A nice feature of this particular question is that it contains sufficient context for us to ignore the actual question and focus on what appeared to be the more important underlying one.

— Karl

1

I'm glad you modified the changed title to your liking, Peter. My original edit was made not to be self-serving, but to make the title reflect the text of the question. You are the final arbiter of what you really mean.

— whuber

23

Like Karl Broman said in his answer, a Bayesian approach would likely be a lot better than using confidence intervals.

The Problem With Confidence Intervals

Why might using confidence intervals not work too well? One reason is that if you don't have many ratings for an item, then your confidence interval is going to be very wide, so the lower bound of the confidence interval will be small. Thus, items without many ratings will end up at the bottom of your list.

Intuitively, however, you probably want items without many ratings to be near the average item, so you want to wiggle your estimated rating of the item toward the mean rating over all items (i.e., you want to push your estimated rating toward a prior). This is exactly what a Bayesian approach does.

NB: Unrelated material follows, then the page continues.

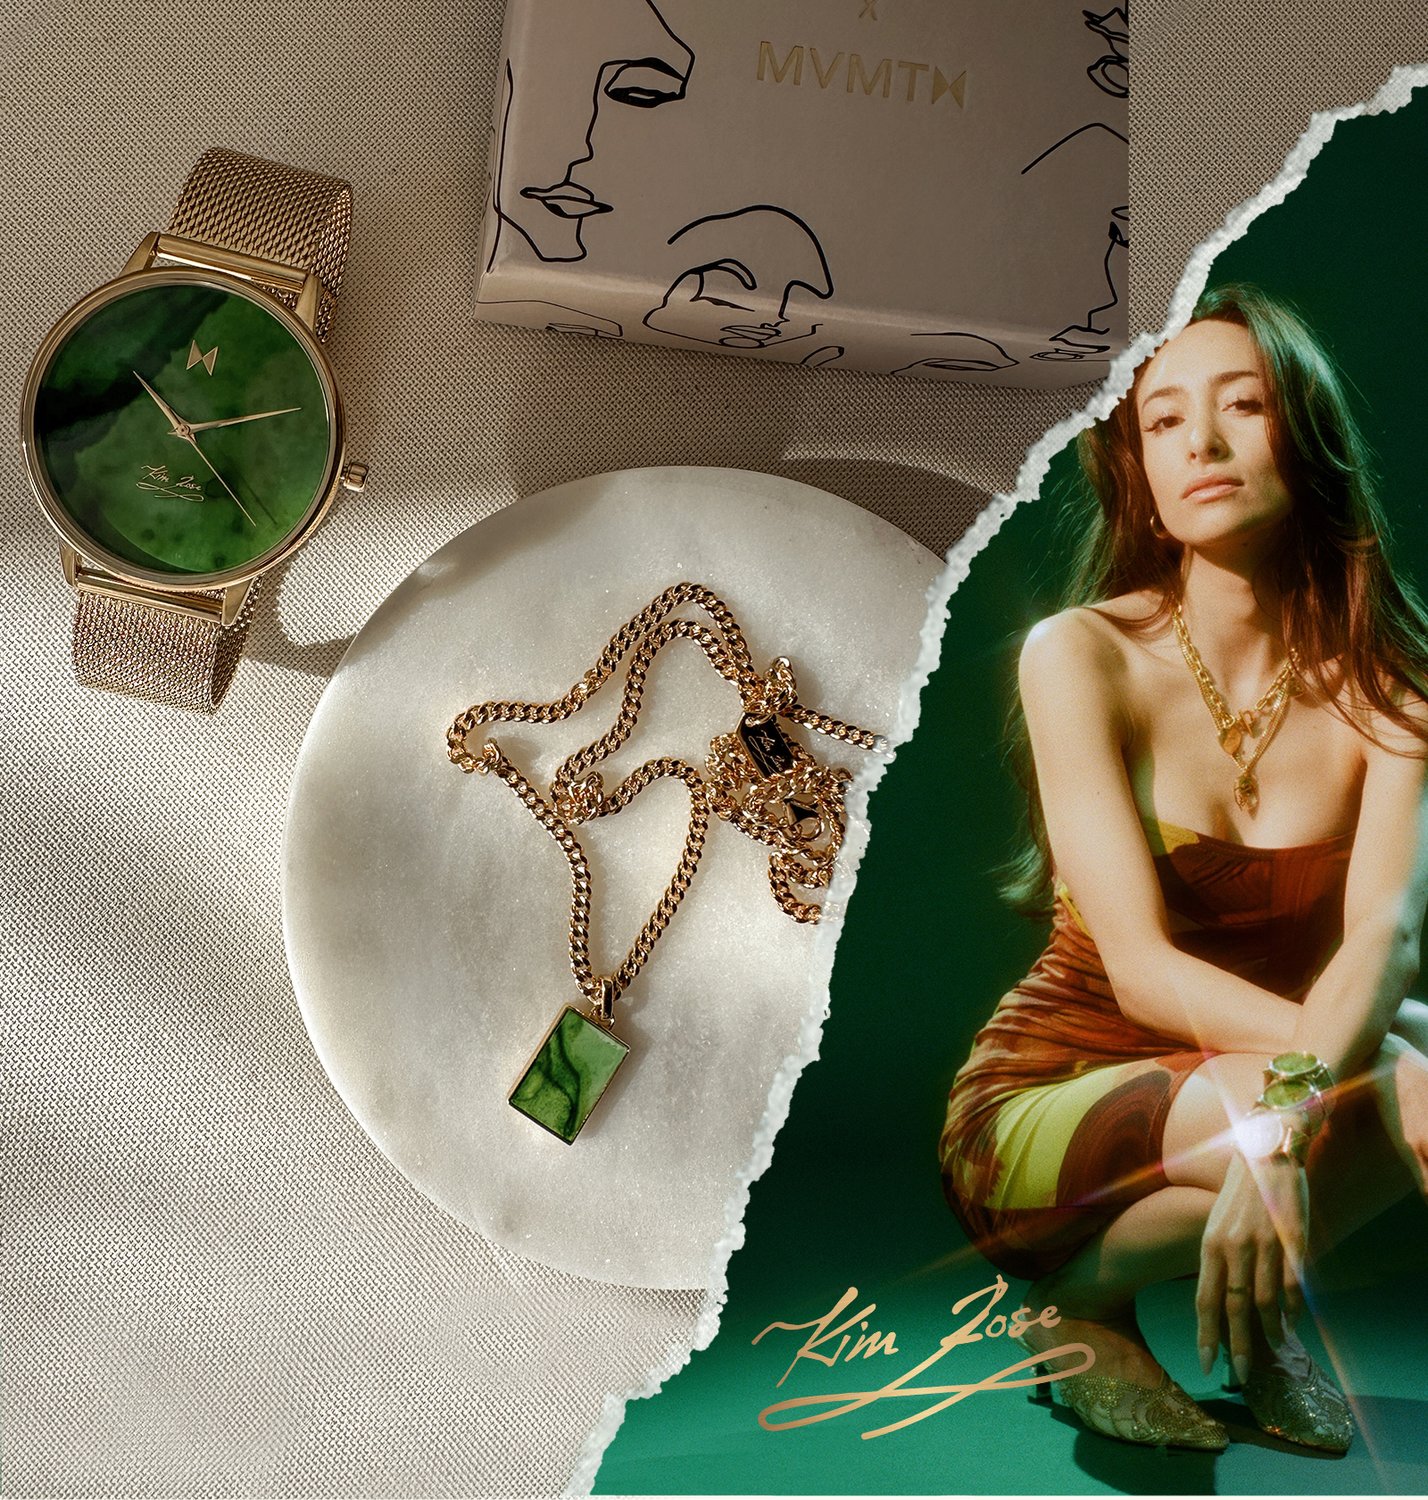 MVMT x Kim Rose watch and necklace with Kim Rose off to the side

Bayesian Approach I: Normal Distribution over Ratings

One way of moving the estimated rating toward a prior is, as in Karl's answer, to use an estimate of the form $w*R + (1-w)*C$ :

$R$ is the mean over the ratings for the items.
$C$ is the mean over all items (or whatever prior you want to shrink your rating to).
Note that the formula is just a weighted combination of $R$ and $C$ .
$w = \frac{v}{v+m}$ is the weight assigned to $R$ , where $v$ is the number of reviews for the beer and $m$ is some kind of constant "threshold" parameter.
Note that when $v$ is very large, i.e., when we have a lot of ratings for the current item, then $w$ is very close to 1, so our estimated rating is very close to $R$ and we pay little attention to the prior $C$ . When $v$ is small, however, $w$ is very close to 0, so the estimated rating places a lot of weight on the prior $C$ .

This estimate can, in fact, be given a Bayesian interpretation as the posterior estimate of the item's mean rating when individual ratings comes from a normal distribution centered around that mean.

However, assuming that ratings come from a normal distribution has two problems:

A normal distribution is continuous, but ratings are discrete.
Ratings for an item don't necessarily follow a unimodal Gaussian shape. For example, maybe your item is very polarizing, so people tend to either give it a very high rating or give it a very low rating.

Bayesian Approach II: Multinomial Distribution over Ratings

So instead of assuming a normal distribution for ratings, let's assume a multinomial distribution. That is, given some specific item, there's a probability $p_1$ that a random user will give it 1 star, a probability $p_2$ that a random user will give it 2 stars, and so on.

Of course, we have no idea what these probabilities are. As we get more and more ratings for this item, we can guess that $p_1$ is close to $\frac{n_1}{n}$ , where $n_1$ is the number of users who gave it 1 star and $n$ is the total number of users who rated the item, but when we first start out, we have nothing. So we place a Dirichlet prior $Dir(\alpha_1, \ldots, \alpha_k)$ on these probabilities.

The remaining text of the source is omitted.